(All names are changed)
December
14, 2009
I saw Jerry posted a picture on Facebook of our house in the
newly fallen snow. His post read, “I love winter.” I laughed out loud when I
saw it. I’m sure he posted that photo of our house so she could see it. This is so junior high.
It’s actually funny. I’ve lived with the man for over thirty
years and he has never loved winter or Christmas. He is always moody and
depressed, angry and aggressive during the holidays. It has been hard to
celebrate because I love the holidays so much and he ruins them with a temper
tantrum or other outburst. It blindsides me. I have always said I wish I could
take January first off the calendar. The holidays are wrecked for sure by that
date.
He’s been diagnosed with SAD, Seasonal Affective Disorder, among
the myriad of other diagnoses he’s chalked up over the years: ADHD, OCD, ODD,
hypomania (a form of Bi-polar). Every time we go for counseling he gets new initials.

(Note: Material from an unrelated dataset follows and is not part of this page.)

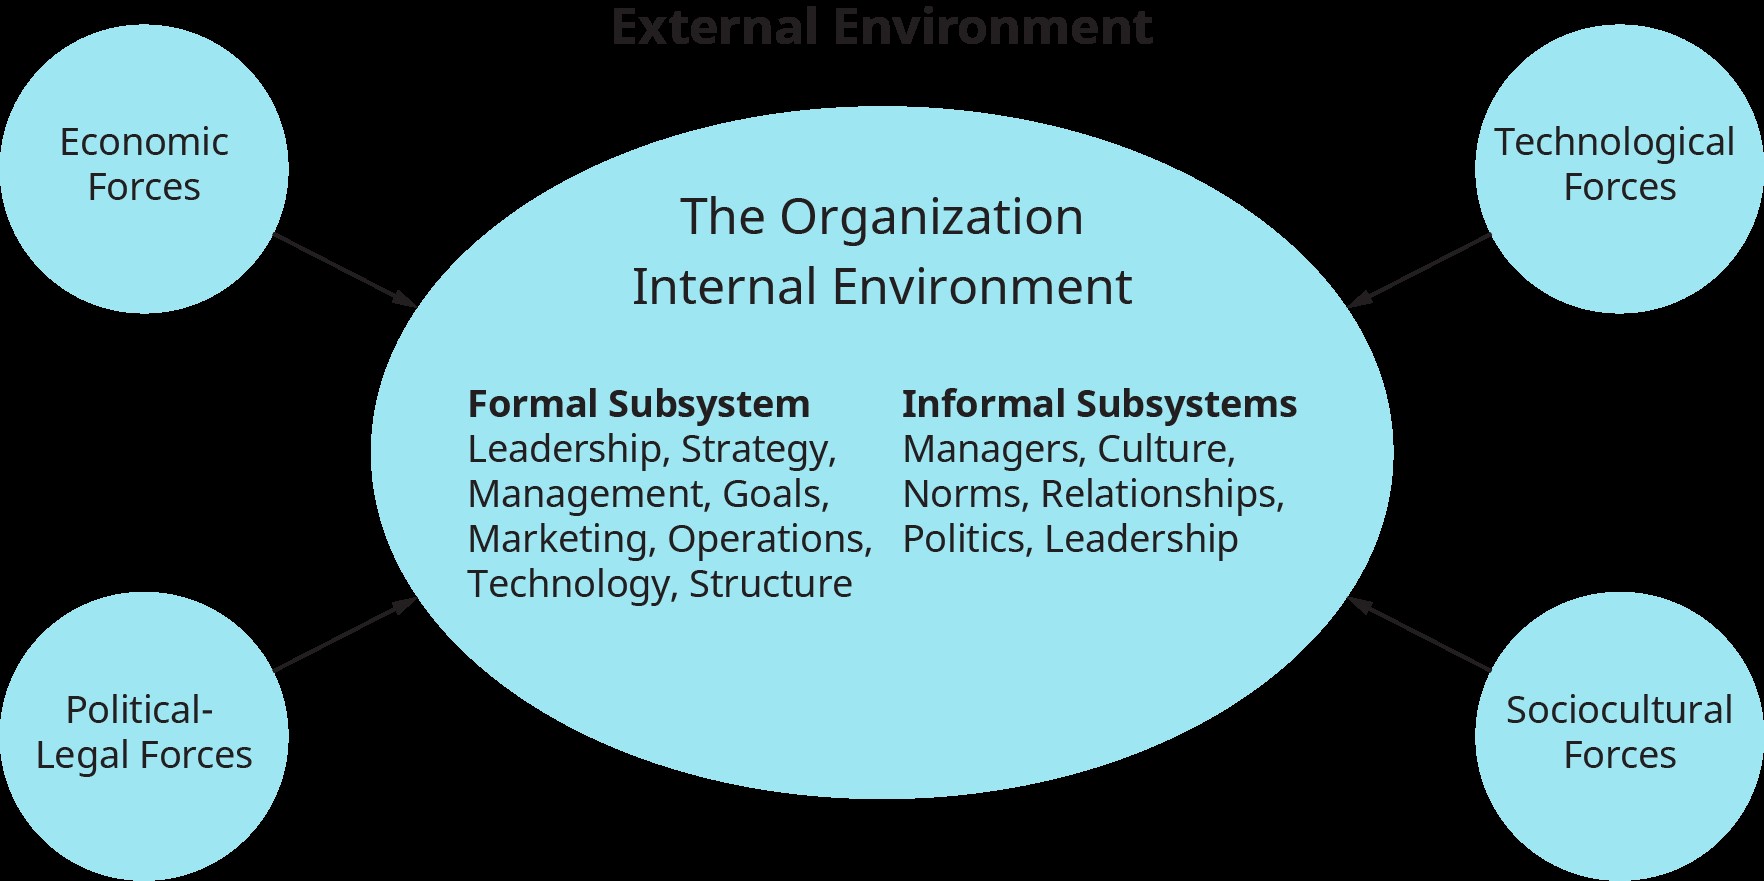 Figure 3.4: Internal Organization (Attribution: Copyright Rice University, OpenStax, under CC-BY 4.0 license)

The SAD makes him unbearable from about Labor Day to the
beginning of May. I never have happy birthdays because it’s during the winter. Just
one year I’d like to have a peaceful birthday. I don’t even want to write about
it. There are too many brokenhearted birthdays to remember.
Because of his issues, I suffer from Post Traumatic Stress
Disorder and situational depression. When he gets in his moods, it sets off my
PTSD and I can’t stop thinking about his mistreatment of me. It’s like a
scratch on a record that keeps playing over and over—and over.
December
15, 2009
I’m still lurking on his Facebook. I saw Jerry posted the
pictures of him on his new motorcycle. I took the pictures! How could I not see that coming?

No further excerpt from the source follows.